**About this exercise**
Set down again exactly the lines of the listing below that fall between the line holding "Affiche CERFF 31 mars 2017" and the line holding "COCOCURE ココキュア ココナッツオイル コールドプレス(ブラックラベル)", inclusive.

**Provided records**
========================================

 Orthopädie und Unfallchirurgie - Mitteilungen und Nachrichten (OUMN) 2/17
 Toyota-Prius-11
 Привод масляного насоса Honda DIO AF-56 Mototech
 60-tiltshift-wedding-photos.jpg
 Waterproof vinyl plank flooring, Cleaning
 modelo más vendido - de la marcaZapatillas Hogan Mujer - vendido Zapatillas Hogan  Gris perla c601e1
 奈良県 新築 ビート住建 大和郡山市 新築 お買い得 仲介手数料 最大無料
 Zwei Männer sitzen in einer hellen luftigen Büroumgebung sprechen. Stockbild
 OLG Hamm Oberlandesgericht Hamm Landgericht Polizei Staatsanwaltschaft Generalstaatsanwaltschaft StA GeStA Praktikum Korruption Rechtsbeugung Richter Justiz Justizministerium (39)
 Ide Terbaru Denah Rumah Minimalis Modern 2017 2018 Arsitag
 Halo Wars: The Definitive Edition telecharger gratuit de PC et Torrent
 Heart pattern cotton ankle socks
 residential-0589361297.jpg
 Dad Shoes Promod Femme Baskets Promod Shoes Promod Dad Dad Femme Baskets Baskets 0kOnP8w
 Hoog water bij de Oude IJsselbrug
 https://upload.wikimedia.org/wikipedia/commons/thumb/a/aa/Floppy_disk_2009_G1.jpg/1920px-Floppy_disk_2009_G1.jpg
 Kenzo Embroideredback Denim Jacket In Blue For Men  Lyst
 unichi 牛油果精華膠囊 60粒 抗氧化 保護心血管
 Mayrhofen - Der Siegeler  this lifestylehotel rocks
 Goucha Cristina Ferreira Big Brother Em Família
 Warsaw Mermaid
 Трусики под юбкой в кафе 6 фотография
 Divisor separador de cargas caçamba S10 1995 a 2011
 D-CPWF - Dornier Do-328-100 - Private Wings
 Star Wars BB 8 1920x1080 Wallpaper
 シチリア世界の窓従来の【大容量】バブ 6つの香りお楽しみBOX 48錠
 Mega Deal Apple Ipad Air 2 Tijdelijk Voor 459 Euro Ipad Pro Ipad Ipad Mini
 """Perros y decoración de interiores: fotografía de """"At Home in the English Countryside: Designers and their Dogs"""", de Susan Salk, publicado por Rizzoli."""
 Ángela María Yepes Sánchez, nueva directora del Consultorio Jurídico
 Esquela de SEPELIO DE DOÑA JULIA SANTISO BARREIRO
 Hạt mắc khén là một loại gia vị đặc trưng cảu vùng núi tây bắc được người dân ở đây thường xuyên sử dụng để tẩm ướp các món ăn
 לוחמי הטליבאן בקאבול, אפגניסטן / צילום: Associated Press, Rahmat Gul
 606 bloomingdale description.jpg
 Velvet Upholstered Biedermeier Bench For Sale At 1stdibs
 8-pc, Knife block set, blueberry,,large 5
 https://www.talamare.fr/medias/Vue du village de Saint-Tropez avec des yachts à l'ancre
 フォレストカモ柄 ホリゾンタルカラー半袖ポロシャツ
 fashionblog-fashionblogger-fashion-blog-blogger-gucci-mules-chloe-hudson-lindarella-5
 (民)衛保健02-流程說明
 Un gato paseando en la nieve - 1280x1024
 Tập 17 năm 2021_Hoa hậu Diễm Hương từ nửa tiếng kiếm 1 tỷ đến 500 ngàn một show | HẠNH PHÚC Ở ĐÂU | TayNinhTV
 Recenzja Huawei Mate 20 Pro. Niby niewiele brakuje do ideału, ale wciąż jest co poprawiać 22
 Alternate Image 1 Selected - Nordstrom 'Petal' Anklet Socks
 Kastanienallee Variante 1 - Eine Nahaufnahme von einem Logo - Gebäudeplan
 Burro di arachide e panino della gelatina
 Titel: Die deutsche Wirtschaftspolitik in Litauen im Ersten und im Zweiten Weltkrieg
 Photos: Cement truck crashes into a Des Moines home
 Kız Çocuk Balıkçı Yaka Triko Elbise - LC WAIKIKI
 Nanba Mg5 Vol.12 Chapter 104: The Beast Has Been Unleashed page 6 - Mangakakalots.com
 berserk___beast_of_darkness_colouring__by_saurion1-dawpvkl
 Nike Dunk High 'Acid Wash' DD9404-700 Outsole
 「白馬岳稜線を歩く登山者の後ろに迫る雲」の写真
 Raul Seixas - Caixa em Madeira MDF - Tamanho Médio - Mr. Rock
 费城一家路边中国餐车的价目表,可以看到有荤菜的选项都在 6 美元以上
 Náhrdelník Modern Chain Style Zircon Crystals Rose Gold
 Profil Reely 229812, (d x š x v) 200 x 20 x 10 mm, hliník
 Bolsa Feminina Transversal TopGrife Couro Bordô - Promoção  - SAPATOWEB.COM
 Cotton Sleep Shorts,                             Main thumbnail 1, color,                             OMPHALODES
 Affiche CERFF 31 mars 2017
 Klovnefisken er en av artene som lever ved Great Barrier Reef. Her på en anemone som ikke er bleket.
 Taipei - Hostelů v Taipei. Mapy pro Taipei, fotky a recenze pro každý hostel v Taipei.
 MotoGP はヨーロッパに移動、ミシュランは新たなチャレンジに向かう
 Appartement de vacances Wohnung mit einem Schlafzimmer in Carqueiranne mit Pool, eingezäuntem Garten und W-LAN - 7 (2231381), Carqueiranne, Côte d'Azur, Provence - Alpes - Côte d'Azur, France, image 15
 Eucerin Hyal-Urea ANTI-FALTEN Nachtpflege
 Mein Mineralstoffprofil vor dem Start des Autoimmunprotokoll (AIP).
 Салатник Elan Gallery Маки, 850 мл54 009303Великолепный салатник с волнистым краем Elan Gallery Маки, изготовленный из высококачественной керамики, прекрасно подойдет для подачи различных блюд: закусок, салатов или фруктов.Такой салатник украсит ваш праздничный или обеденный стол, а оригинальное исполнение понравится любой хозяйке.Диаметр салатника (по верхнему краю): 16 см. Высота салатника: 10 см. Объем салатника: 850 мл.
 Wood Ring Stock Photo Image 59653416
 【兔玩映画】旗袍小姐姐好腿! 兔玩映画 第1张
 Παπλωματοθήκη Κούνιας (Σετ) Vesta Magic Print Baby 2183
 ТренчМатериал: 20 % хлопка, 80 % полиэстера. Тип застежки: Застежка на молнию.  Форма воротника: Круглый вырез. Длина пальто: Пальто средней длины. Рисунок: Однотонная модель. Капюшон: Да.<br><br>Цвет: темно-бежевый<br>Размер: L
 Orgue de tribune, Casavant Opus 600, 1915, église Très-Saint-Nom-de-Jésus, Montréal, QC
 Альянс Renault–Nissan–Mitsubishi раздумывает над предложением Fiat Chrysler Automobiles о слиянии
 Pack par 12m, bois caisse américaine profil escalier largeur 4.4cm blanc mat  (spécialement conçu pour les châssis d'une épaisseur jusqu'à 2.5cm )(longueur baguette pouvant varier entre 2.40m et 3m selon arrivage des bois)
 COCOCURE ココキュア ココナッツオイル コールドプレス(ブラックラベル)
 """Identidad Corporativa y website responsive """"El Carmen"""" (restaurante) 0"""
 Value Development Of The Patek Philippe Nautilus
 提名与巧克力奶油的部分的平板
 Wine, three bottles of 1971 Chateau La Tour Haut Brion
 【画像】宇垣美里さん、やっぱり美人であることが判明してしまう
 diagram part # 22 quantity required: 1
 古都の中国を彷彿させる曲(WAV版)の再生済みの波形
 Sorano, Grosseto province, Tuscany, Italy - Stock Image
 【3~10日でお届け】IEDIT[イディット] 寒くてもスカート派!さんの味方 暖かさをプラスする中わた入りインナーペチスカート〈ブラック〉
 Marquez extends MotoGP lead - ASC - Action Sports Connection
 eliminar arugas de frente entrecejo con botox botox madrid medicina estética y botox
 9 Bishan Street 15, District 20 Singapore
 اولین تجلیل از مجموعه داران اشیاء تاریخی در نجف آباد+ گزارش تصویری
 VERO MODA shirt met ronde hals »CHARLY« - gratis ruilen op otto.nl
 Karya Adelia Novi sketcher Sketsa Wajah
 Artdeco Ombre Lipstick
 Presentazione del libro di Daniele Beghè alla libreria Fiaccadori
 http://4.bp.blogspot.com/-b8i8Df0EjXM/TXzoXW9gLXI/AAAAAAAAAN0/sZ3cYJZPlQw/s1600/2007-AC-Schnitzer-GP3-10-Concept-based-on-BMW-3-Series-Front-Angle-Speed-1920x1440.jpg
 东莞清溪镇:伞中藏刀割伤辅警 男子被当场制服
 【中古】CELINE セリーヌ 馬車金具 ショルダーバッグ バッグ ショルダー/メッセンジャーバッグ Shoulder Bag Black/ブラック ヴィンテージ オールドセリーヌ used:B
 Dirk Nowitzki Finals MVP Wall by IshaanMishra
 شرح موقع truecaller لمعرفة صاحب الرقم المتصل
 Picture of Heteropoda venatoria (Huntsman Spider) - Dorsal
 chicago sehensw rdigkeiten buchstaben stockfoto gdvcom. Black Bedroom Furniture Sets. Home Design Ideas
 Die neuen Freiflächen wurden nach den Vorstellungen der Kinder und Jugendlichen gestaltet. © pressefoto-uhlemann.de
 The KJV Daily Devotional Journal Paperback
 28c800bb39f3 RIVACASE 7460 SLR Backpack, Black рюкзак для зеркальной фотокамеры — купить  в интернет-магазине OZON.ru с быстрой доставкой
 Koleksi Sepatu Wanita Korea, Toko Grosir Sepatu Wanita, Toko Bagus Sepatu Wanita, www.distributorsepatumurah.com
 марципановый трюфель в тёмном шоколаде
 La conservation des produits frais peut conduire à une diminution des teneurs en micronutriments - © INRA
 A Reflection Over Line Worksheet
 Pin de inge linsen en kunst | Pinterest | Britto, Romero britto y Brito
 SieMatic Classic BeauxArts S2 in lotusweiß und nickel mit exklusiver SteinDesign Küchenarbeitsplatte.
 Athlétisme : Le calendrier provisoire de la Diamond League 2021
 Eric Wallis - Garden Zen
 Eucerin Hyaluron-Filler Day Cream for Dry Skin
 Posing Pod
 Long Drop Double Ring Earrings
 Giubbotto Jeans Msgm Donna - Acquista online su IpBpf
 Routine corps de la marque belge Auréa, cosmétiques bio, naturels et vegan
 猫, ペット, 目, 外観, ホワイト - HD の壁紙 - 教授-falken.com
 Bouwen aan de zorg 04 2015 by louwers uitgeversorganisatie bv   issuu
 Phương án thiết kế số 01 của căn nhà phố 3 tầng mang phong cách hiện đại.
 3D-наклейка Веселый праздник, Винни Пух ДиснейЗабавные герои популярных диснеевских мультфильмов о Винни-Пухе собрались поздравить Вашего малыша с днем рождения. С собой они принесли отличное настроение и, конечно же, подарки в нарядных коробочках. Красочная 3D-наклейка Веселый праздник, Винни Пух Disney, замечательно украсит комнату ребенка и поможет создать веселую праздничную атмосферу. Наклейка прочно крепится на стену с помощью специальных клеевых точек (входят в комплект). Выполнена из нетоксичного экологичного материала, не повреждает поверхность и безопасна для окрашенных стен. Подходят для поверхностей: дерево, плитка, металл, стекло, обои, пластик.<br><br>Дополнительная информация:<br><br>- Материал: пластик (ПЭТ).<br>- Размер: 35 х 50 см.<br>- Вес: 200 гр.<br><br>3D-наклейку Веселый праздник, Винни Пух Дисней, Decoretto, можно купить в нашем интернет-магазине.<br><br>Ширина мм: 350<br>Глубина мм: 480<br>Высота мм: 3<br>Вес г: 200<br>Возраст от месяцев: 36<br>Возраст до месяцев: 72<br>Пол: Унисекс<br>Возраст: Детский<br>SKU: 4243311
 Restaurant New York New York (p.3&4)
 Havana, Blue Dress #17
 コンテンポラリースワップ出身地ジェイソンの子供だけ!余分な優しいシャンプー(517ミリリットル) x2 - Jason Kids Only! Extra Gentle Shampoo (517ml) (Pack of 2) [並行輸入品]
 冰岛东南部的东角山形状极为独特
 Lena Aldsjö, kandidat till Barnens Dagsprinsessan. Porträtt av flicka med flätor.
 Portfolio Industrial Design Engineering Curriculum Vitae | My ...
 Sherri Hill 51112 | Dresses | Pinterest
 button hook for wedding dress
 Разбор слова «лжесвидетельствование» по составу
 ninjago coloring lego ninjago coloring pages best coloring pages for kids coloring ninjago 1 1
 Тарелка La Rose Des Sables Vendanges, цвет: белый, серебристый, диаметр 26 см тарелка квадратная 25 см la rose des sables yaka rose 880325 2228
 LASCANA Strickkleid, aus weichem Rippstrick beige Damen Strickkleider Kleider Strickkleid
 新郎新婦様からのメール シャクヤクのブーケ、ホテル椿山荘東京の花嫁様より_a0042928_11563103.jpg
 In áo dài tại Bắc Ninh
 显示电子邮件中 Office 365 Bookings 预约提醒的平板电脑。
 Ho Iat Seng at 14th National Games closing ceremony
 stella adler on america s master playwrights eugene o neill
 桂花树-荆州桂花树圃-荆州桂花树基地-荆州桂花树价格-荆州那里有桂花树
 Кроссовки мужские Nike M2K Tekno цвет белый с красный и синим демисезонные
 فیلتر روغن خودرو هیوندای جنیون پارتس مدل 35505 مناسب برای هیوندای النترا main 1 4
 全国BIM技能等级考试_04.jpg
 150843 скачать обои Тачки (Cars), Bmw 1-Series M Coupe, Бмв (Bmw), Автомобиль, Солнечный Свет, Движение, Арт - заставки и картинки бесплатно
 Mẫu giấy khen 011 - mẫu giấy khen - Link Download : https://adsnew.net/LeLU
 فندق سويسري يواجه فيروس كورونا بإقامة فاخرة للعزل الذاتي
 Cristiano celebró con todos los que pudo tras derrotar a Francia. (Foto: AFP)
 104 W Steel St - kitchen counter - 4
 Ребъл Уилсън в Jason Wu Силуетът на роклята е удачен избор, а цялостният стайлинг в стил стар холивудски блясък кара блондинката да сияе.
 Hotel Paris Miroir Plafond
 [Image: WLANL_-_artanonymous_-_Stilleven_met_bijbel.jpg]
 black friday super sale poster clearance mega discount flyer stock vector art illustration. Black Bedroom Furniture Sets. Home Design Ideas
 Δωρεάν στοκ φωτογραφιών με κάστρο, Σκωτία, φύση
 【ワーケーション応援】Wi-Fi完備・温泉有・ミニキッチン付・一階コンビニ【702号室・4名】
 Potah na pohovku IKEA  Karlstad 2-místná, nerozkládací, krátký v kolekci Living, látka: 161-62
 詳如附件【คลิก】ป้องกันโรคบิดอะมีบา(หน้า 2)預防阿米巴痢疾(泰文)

========================================

**Your response**
 Affiche CERFF 31 mars 2017
 Klovnefisken er en av artene som lever ved Great Barrier Reef. Her på en anemone som ikke er bleket.
 Taipei - Hostelů v Taipei. Mapy pro Taipei, fotky a recenze pro každý hostel v Taipei.
 MotoGP はヨーロッパに移動、ミシュランは新たなチャレンジに向かう
 Appartement de vacances Wohnung mit einem Schlafzimmer in Carqueiranne mit Pool, eingezäuntem Garten und W-LAN - 7 (2231381), Carqueiranne, Côte d'Azur, Provence - Alpes - Côte d'Azur, France, image 15
 Eucerin Hyal-Urea ANTI-FALTEN Nachtpflege
 Mein Mineralstoffprofil vor dem Start des Autoimmunprotokoll (AIP).
 Салатник Elan Gallery Маки, 850 мл54 009303Великолепный салатник с волнистым краем Elan Gallery Маки, изготовленный из высококачественной керамики, прекрасно подойдет для подачи различных блюд: закусок, салатов или фруктов.Такой салатник украсит ваш праздничный или обеденный стол, а оригинальное исполнение понравится любой хозяйке.Диаметр салатника (по верхнему краю): 16 см. Высота салатника: 10 см. Объем салатника: 850 мл.
 Wood Ring Stock Photo Image 59653416
 【兔玩映画】旗袍小姐姐好腿! 兔玩映画 第1张
 Παπλωματοθήκη Κούνιας (Σετ) Vesta Magic Print Baby 2183
 ТренчМатериал: 20 % хлопка, 80 % полиэстера. Тип застежки: Застежка на молнию.  Форма воротника: Круглый вырез. Длина пальто: Пальто средней длины. Рисунок: Однотонная модель. Капюшон: Да.<br><br>Цвет: темно-бежевый<br>Размер: L
 Orgue de tribune, Casavant Opus 600, 1915, église Très-Saint-Nom-de-Jésus, Montréal, QC
 Альянс Renault–Nissan–Mitsubishi раздумывает над предложением Fiat Chrysler Automobiles о слиянии
 Pack par 12m, bois caisse américaine profil escalier largeur 4.4cm blanc mat  (spécialement conçu pour les châssis d'une épaisseur jusqu'à 2.5cm )(longueur baguette pouvant varier entre 2.40m et 3m selon arrivage des bois)
 COCOCURE ココキュア ココナッツオイル コールドプレス(ブラックラベル)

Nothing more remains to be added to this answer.